Chikhirtma with Saffron
Soups • World
Description
It can be served with sour cream and croutons.
Ingredients
- Salad Potatoes 3 pieces
- Chicken Thighs 15 oz
- Whole egg 1 piece
- Saffron ½ teaspoon
- Lemon 1 piece
- Salt to taste
- Chopped Sage Leaves 0 oz
Step-by-Step Guide
Step 1
Remove the skin from the chicken thighs. Place them in cold water and simmer over low heat.
Step 2
When the meat starts to separate easily from the bones, remove the thighs from the broth. Leave the broth to simmer on low heat.
Step 3
Soak the saffron (0.5 teaspoon) in 1 tablespoon of room temperature water.
Step 4
Peel the potatoes and cut them into small wedges (or cubes). Add them to the broth to cook.
Step 5
Squeeze the juice of 1 lemon into the soaked saffron. Mix well.

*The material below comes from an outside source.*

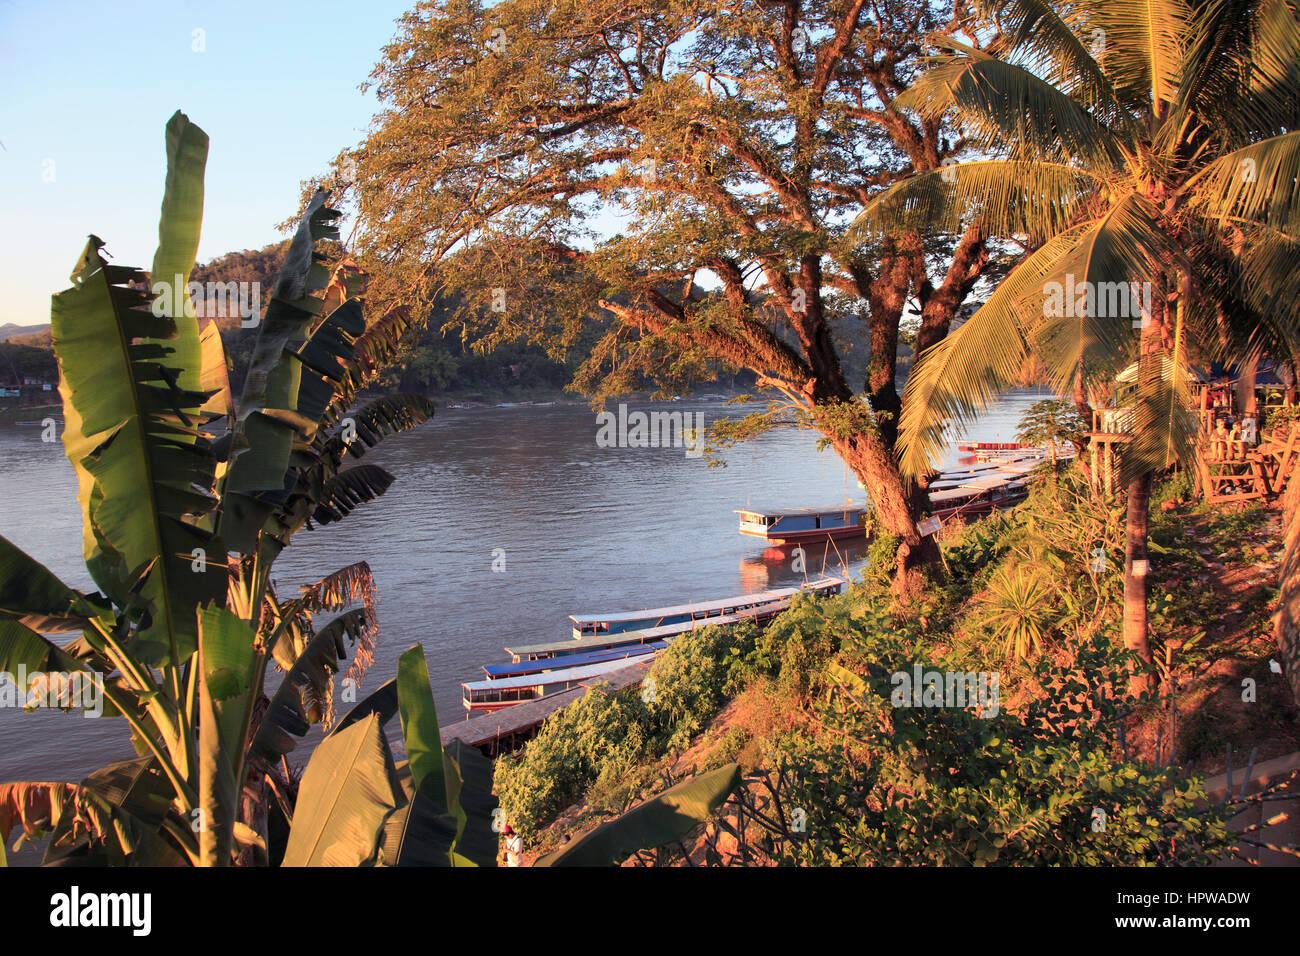 Laos, Luang Prabang, Mekong-Fluss, Stockfoto
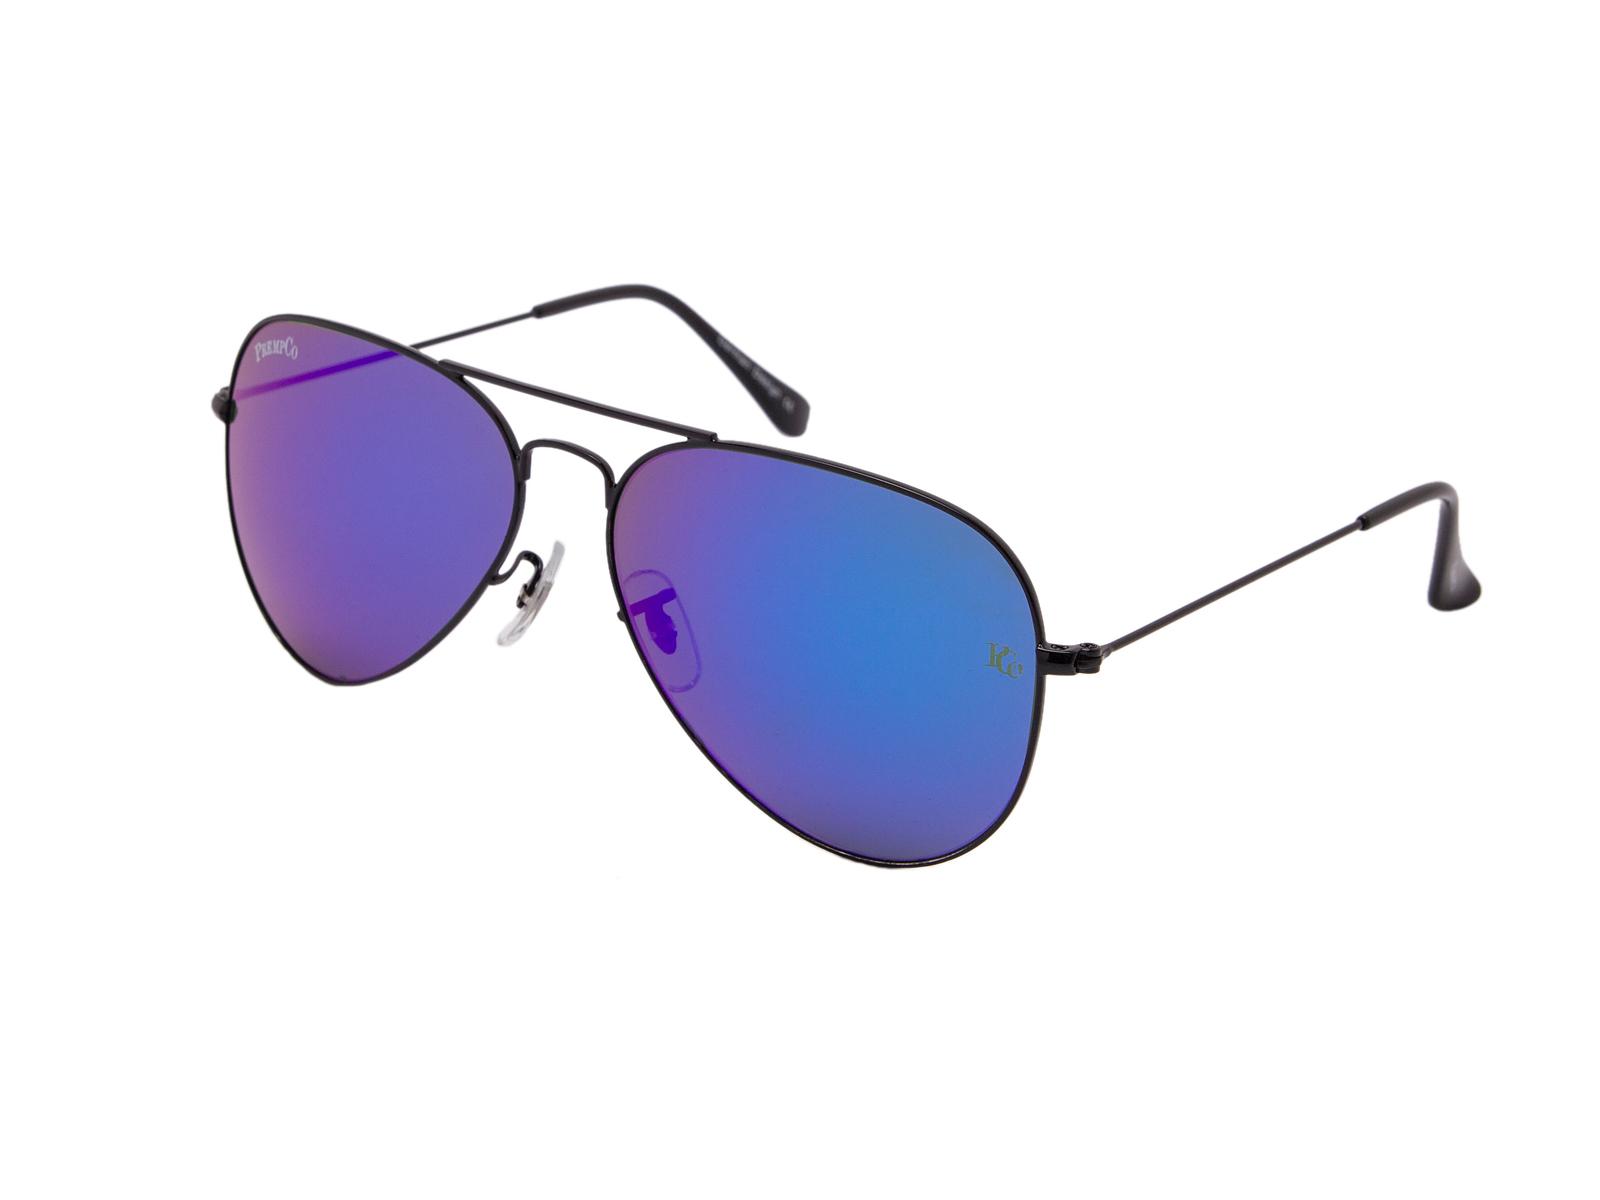 prempco aviator Damen sonnenbrille silber mirror silber gestell (3)

Add the yolk and lightly whisk.
Step 6
Slowly add about 2–3 tablespoons of the broth to the mixture while stirring vigorously to prevent the yolk from curdling.
Step 7
When the potatoes are cooked in the broth, add the saffron-egg mixture to the main soup, stir, then add the shredded chicken meat and chopped herbs, and simmer for another 7 minutes.
Step 8
Remove from heat, let it sit covered for another 15 minutes, then serve, stirring before serving.